The Great Generational Tech Divide

April 13, 2018 Ophelie Zalcmanis-Lai

You may or may not have heard, but Mark Zuckerberg, founder and CEO of social media giant Facebook spent over 10 hours testifying before both the US senate and congress on Monday and Tuesday of this week.

Both days were a little cringey (read: a lot).

In fact, The Daily podcast from The New York Times had a very apt summation of events:

While many, many of the questions that were asked were very valid as it pertained to the Cambridge Analytica data scandal, there were also several questions asked that made millennials everywhere raise an eyebrow:

1. Why can’t negative comments be removed in 24 hours?

(Because there are literally billions of users.)

2. Who’s your number 1 competitor?

(That’s not a black and white question. Could be Apple, could be Google, could be Amazon.)

3. What is Face Smash and is it still running?

(Uhhhh that was a prank website created by Zuckerberg in college…)

4. Does Facebook use audio data from mobile devices to get personal information about users?

(This would be a conspiracy theory.)

These are only four of an ungodly amount of questions asked (if you’d like to go through all of them, the Washington Post has the transcripts for both senate and the house Committee), but there’s a common theme here.

Historically speaking the tech divide referred to the gap between those who could afford and those who could not afford to be connected to the internet.

Now, that has evolved to include a generational gap in how tech is both used and understood. Or in other words, tech literacy.

The reason that the hearings felt like 5-hour-long tech support calls is because they essentially were.

Four minutes was quite tight to answer most of the questions. How Facebook works, what happened with Cambridge Analytica and what should be done going forward is a very. Complex. Issue.

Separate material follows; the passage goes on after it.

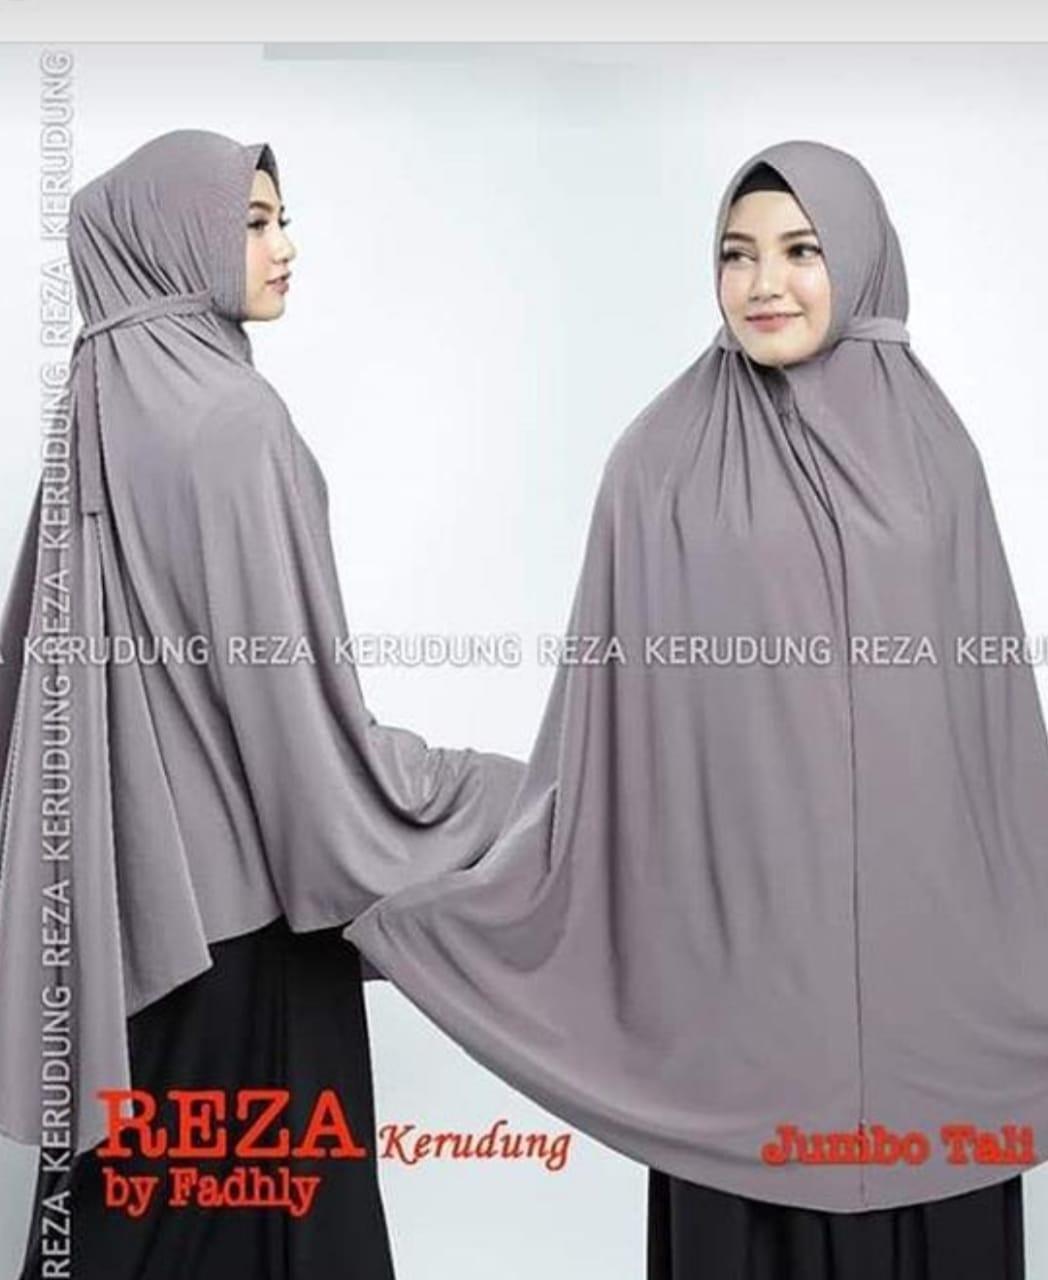 Salmi Scraf - Hijab Syar'i Jersy Reza Tali JUMBO / Hijab Instan / Hijab Syar'i terbaru / Jilbab Syar'i / Fashion Wanita Murah / Kerudung Wanita

And that’s putting it lightly.

Much of the words exchanged on record were not just asking about how Zuckerberg and the Facebook team dealt with the data scandal, but simply how the platform even works.   

For a couple reasons, it actually wasn’t surprising.

Plain and simple, different generations use social media and technology differently. While smartphone adoption by seniors aged 65+ in the US has nearly quadrupled in the last five years, still one-third of them never use the internet and 49% say they don’t have broadband services at home.

In comparison, Marketing Profs shared an infographic that illustrated how different generations use social media including how millennials spend 8 hours a day online alone.

Before you throw up a red card on account of some perceived ageism, the truth is that Baby Boomers didn’t grow up with Internet like Millennials and Gen Z’s did. Coupled with the speed at which technology advances everyday now, it’s nearly impossible to get the same kind of native immersion.

Younger generations really only have updates to deal with. However, older generations have to both try to learn, adopt and then get a grasp of the updates.

Consequently, there are generational differences in how people behave and how people view certain behaviours or forms of communicating with one another. For example, on the whole, older adults are generally skeptical of the use of internet access and don’t always feel that they’re missing out on things.

Whereas younger generations are much more different, often feeling the need to be connected at all times and feel that the technology use comes very easily to them. They’d rather send a text or Slack message instead of an email, and would definitely email rather than call.

Don’t even ask about a handwritten note.

Getting back to how this all ties into Facebook…

The hearings displayed a big gap in the US government’s tech literacy and in order to produce meaningful regulation (or whatever solution is the best for the outcome of this data issue with Facebook), it needs to do some homework.

The US government (and the FTC for that matter) are going to struggle with implementing regulation if they don’t do some more research on what Facebook is and how it works.

Awareness and understanding are two different things. The government is certainly aware of what went down with Cambridge Analytica, but it may not understand fully how it happened.

So, it’s time to get down to research.

In the meantime, it’s equally important to realize that Facebook is certainly not the only platform that has your data. You should check what Google knows about you.

This isn’t to shift blame, but to remember that this is really how all major platforms work in this age of internet.

All said, Facebook now has the opportunity to be a leader in the industry by redoing how data and privacy policies are usually laid out. Oversimplification is dangerous, but clarification can certainly be achieved.   

Oh and lastly, let us be frank: audiences aren’t lemmings. They can think and act for themselves. In fact, they must. Users are the ones who consent to connecting apps and scrolling right through to the “agree” button.

Yes, they need the context to make more informed decisions. But if they get that, and still don’t read through the details, then that’s their decision.  

We can’t slow down the evolution of technology, but then what can the leaders then do to make sure that populaces and audiences are made aware of everything they need to be aware of? And then how can those same people be encouraged to listen actively?

These are the questions we need to ask and find answers to.

The complexity, scrutiny of and depth of this issue with Facebook goes above and beyond the platform. It applies to many other platforms in the same arena too. Could this be a new age of social media platforms and how they handle data? Possibly.

For now, it requires everyone to get their facts in order.